# Shadow squad Night lords chosen



## Horusdeschain (Jan 7, 2009)

Brothers (hope i've put this in right place)
its been awhile since ive posted any model so ive decided to put these up. This is Lt Lorek(Champion) of Shadow squad(fluff to follow shortly)
he is very much a WIP but tell me what you all think

sorry if pics are bad had to use my mobile to take'em


































For the Haunter
:evil:


----------



## Varakir (Sep 2, 2009)

Your mobile camera is letting you down, but what i can see looks cool.
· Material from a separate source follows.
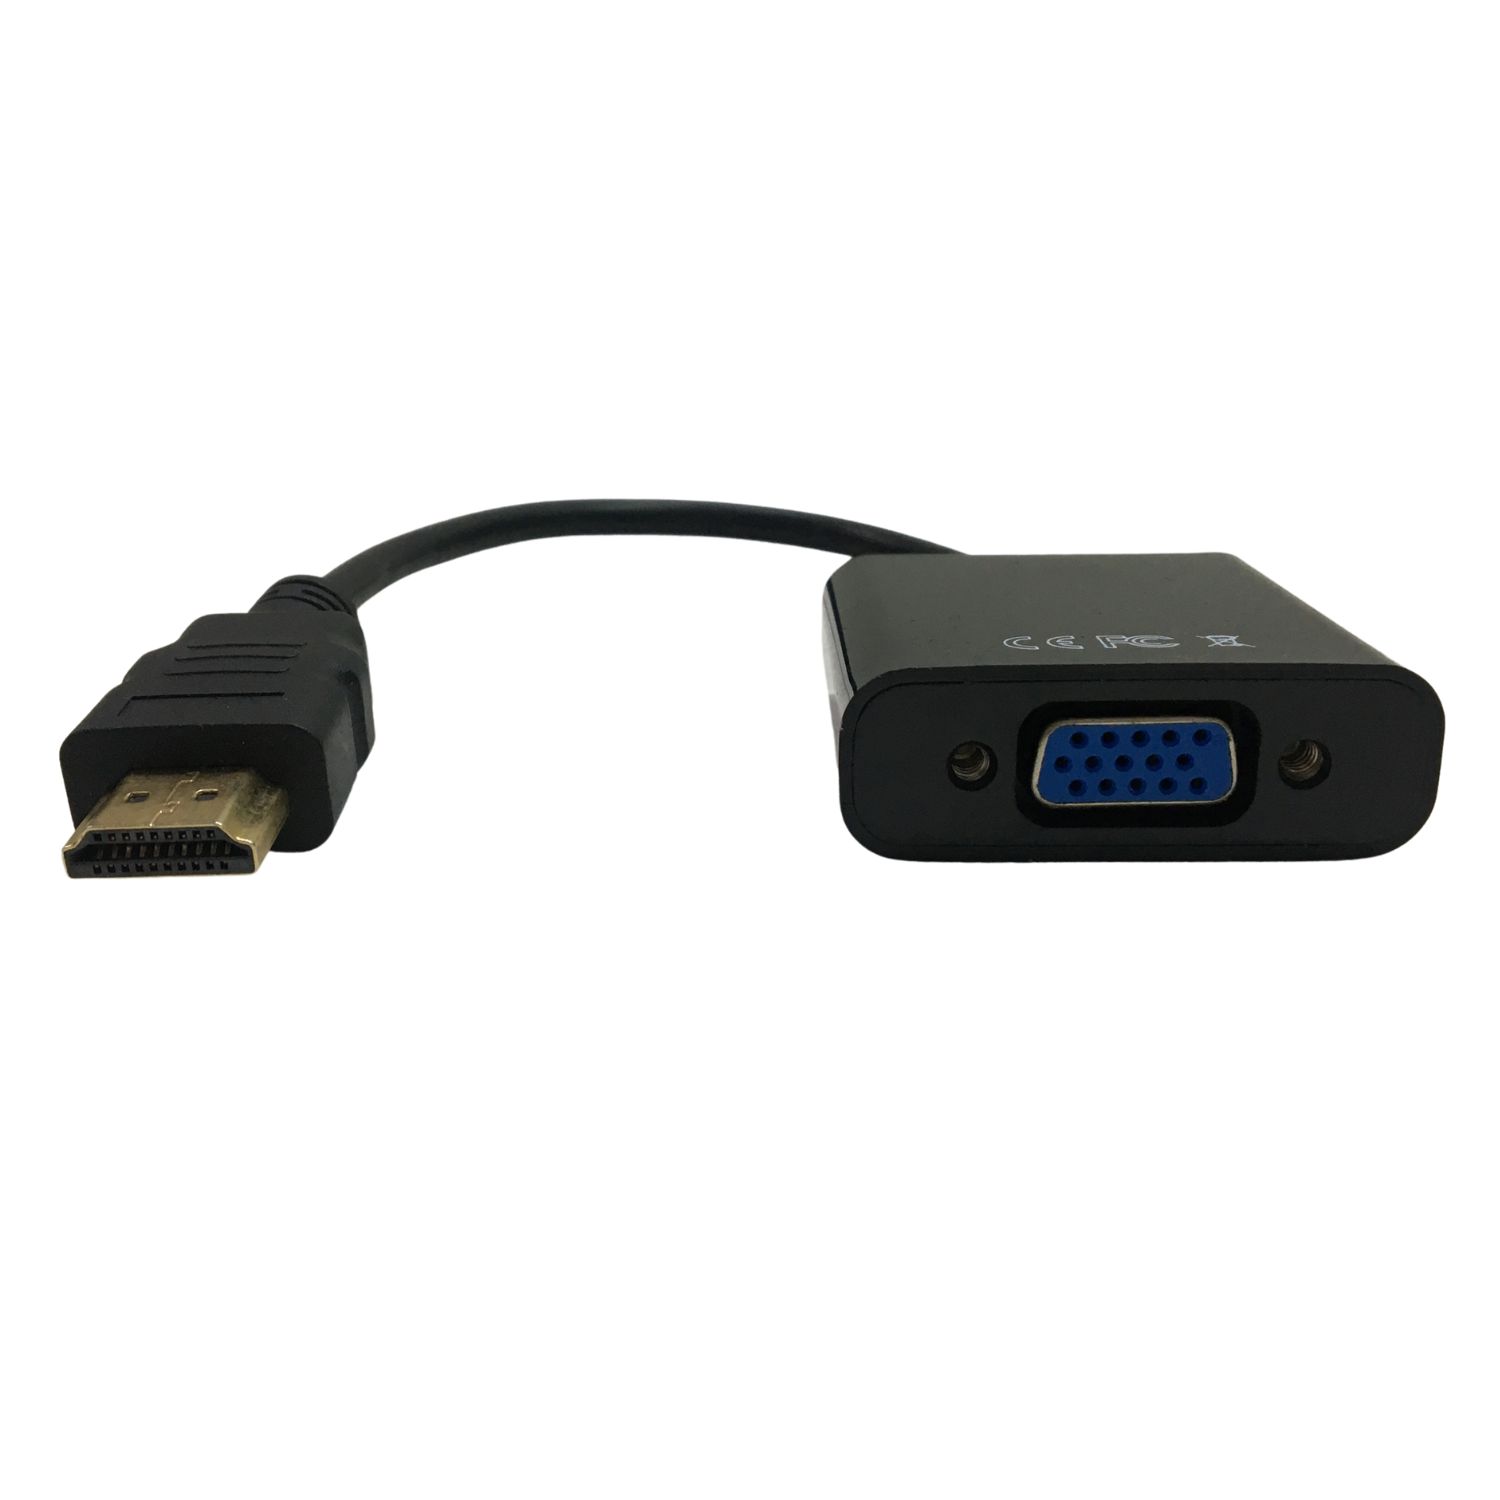 [少量現貨dd] ONTEN 歐騰 HDMI 轉 VGA轉換器 15cm 轉接頭 轉接線 聯想/華碩/宏碁/Sony/戴爾 筆記型電腦連接投影機/顯示器 (UJ1)I13

Is the white stuff just on their for posing?


----------



## Horusdeschain (Jan 7, 2009)

yh thats white tac i just wanted to get the pose right


----------



## Talos (Aug 4, 2008)

He looks really good so far. What head you planning to use? 
Also had a thing for night lords since I read Lord of Night.


----------



## Horusdeschain (Jan 7, 2009)

Talos said:


> He looks really good so far. What head you planning to use?
> Also had a thing for night lords since I read Lord of Night.


il either use a bare head or wait till my night lord conversion kit comes through and use the winged helmet from that


----------



## Horusdeschain (Jan 7, 2009)

Brothers 

i have been working on the squad also Lt Lorek has been given a subsitute head and slightly different pose which do you all think is better the new one or the original?
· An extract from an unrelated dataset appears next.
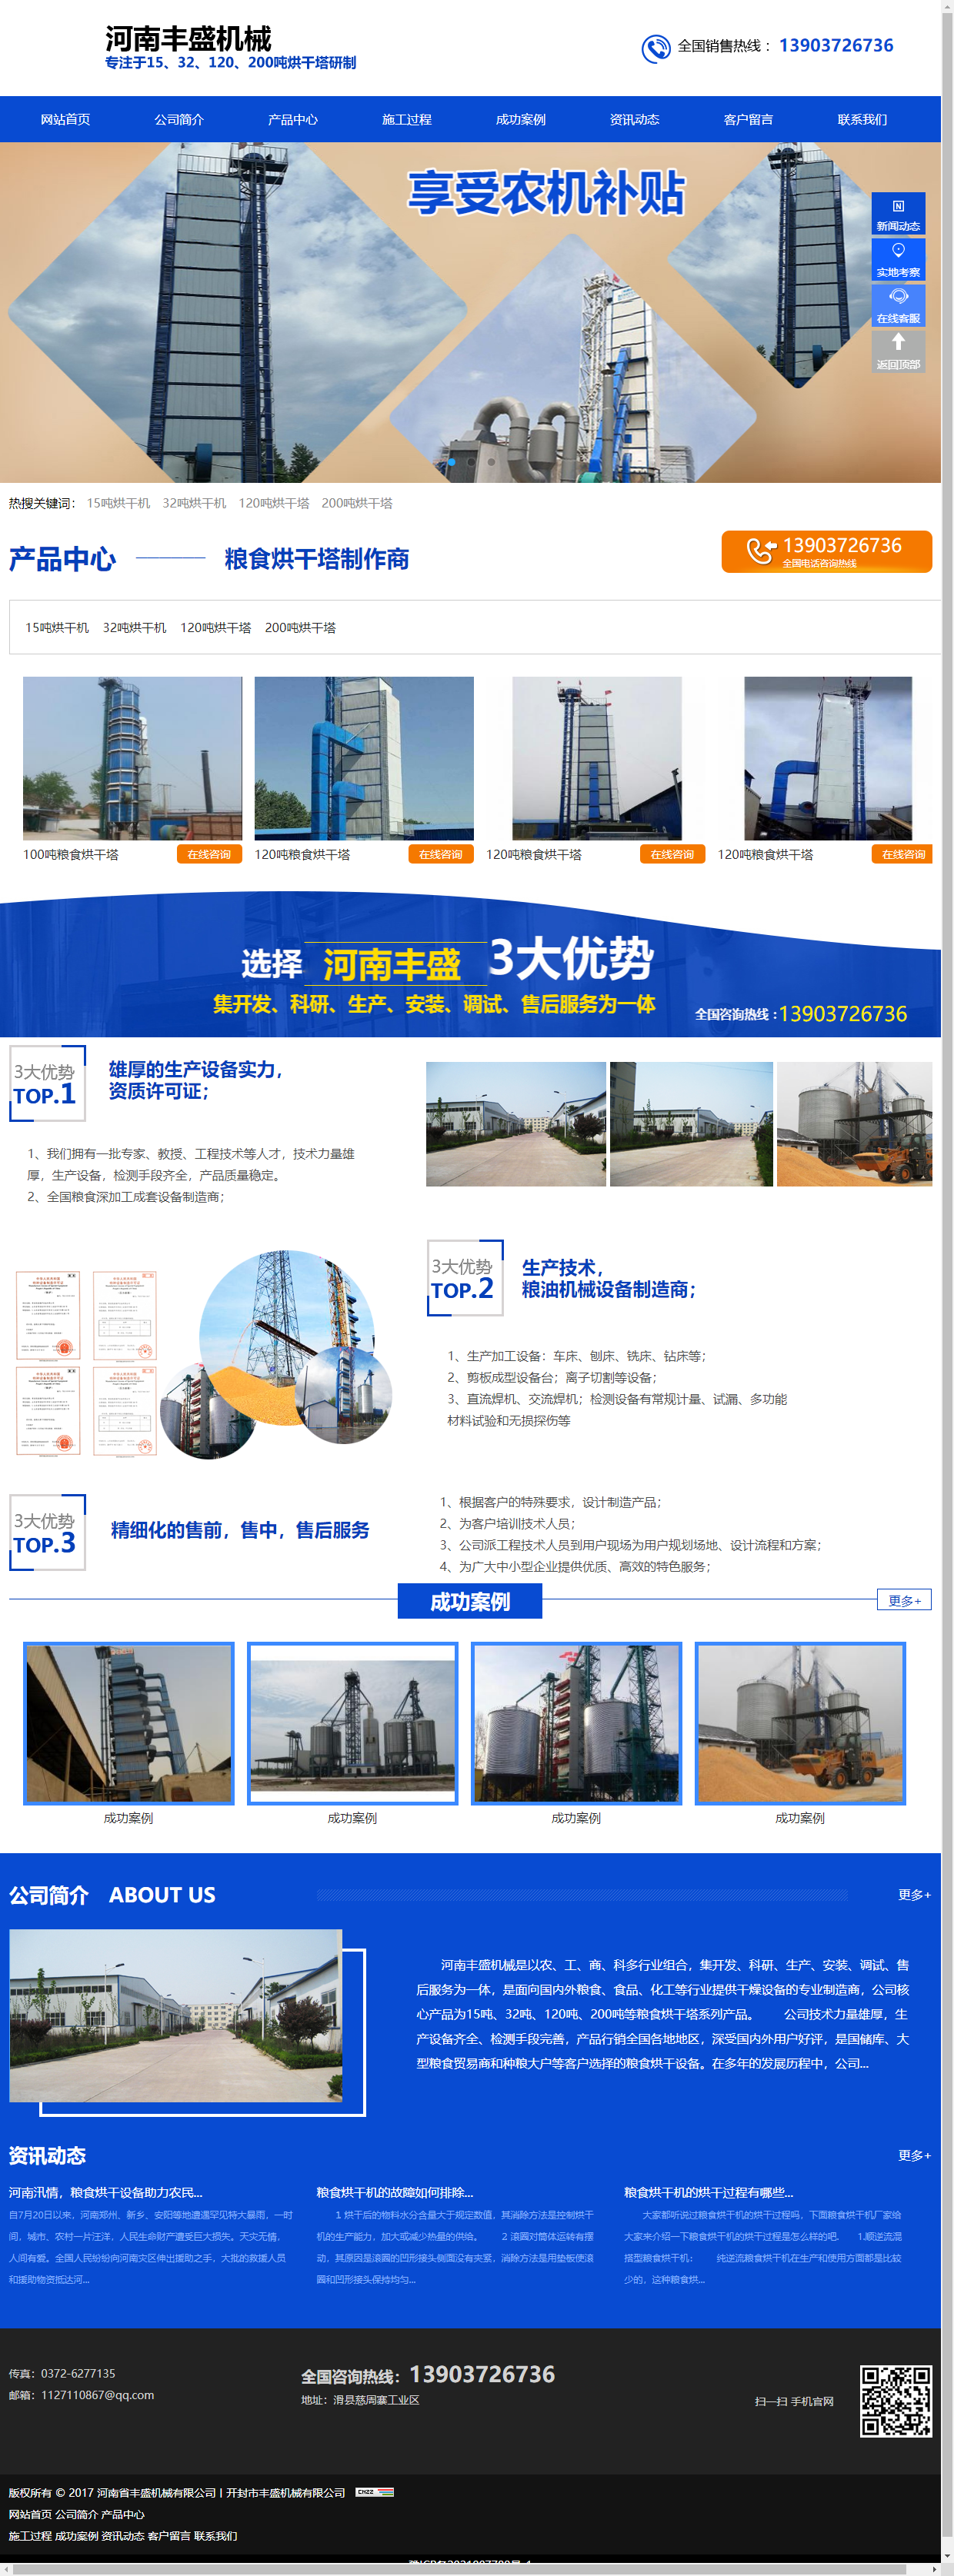 河南省丰盛机械有限公司网站案例

Also allow me to interduce Lucian he is the first of two plasma gunners let me know what you think.


































still working on the fluff for these guys but il post it up soon 

for the Haunter
:evil:


----------



## piemaster (Oct 9, 2009)

I prefer the first pose for your Lt. I like those skulls you got goin' over on his backpack there and the Ork power claw.


----------



## Varakir (Sep 2, 2009)

> Is the white stuff just on their for posing?


Thought so, just checking it wasn't dodgy milliput application :wink:

Those pics are much better, the plasma gunner looks ace. The scabbard is possibly a little large, but i like the idea.

For the pose i think the original looks better.


----------



## Orochi (Jan 28, 2009)

No bat-wing helms? Not true blood Night lords my friend lol.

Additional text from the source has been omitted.